* Exercise brief *
Could you restate the whole listing below word for word, minus the pictures?

* Provided material *
-- Opening Marker --
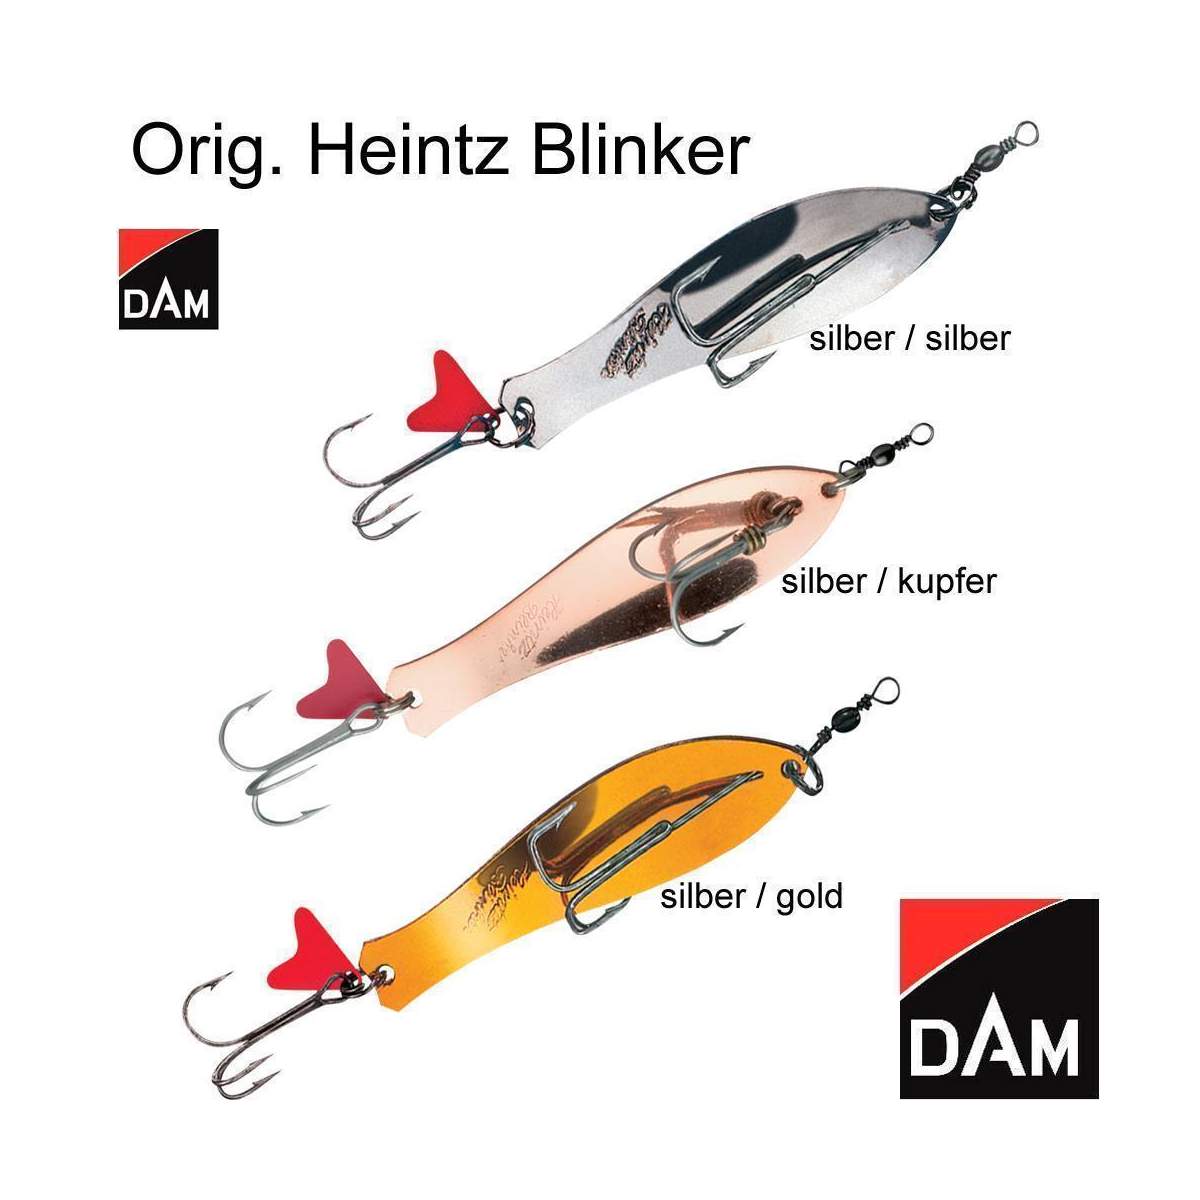 DAM Original Heintz Blinker, 3,99 €
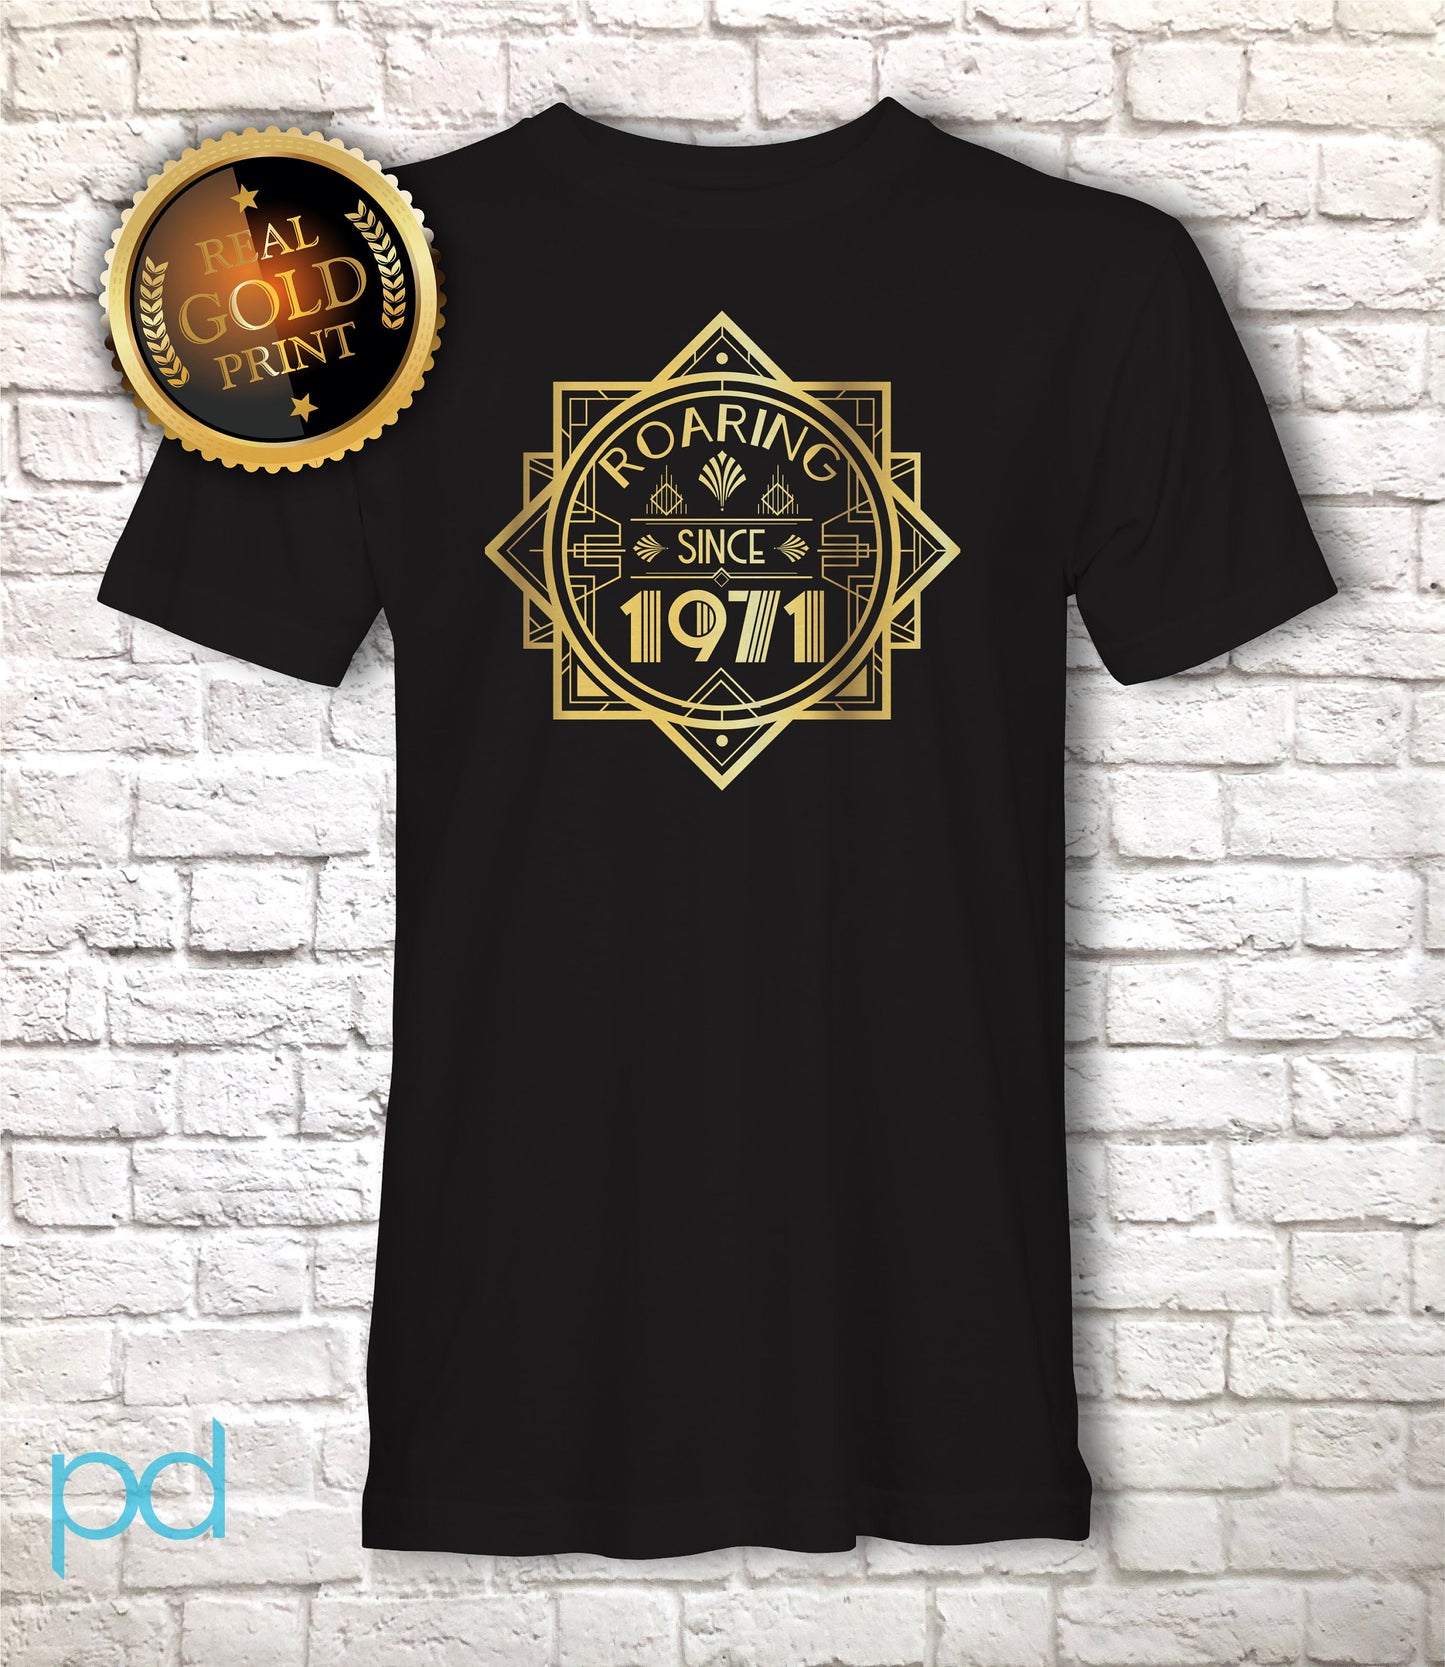 Roaring 1971 T Shirt Gold Foil Print, 51st Birthday Gift T-Shirt in Golden Art Deco 1920s Style, Fiftieth Unisex Tee Shirt Top
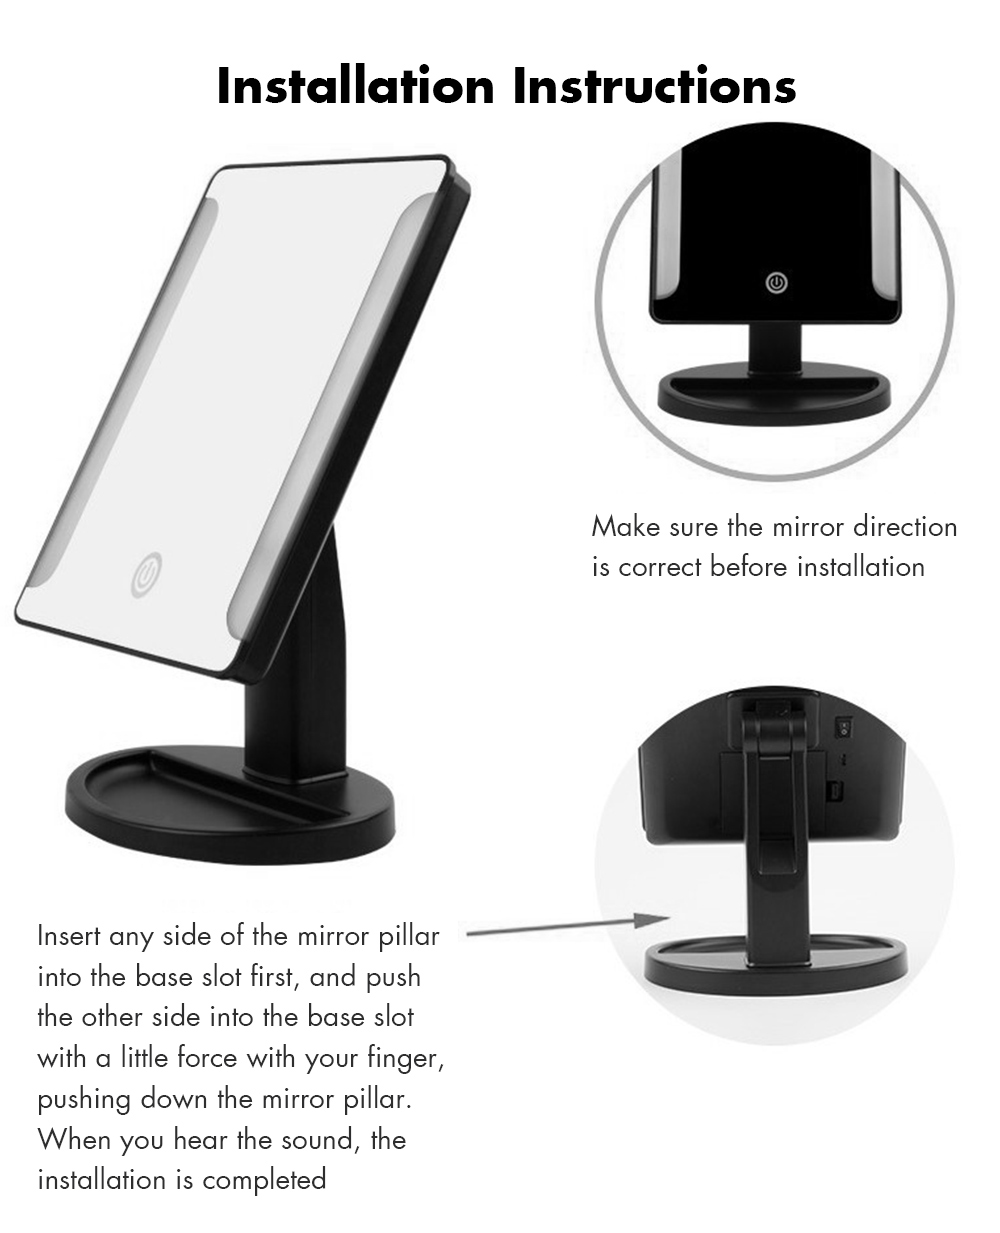 Rotation Intelligent LED Light Makeup Mirror
-- Closing Marker --
* Output for this task *
 DAM Original Heintz Blinker, 3,99 €
 Roaring 1971 T Shirt Gold Foil Print, 51st Birthday Gift T-Shirt in Golden Art Deco 1920s Style, Fiftieth Unisex Tee Shirt Top
 Rotation Intelligent LED Light Makeup Mirror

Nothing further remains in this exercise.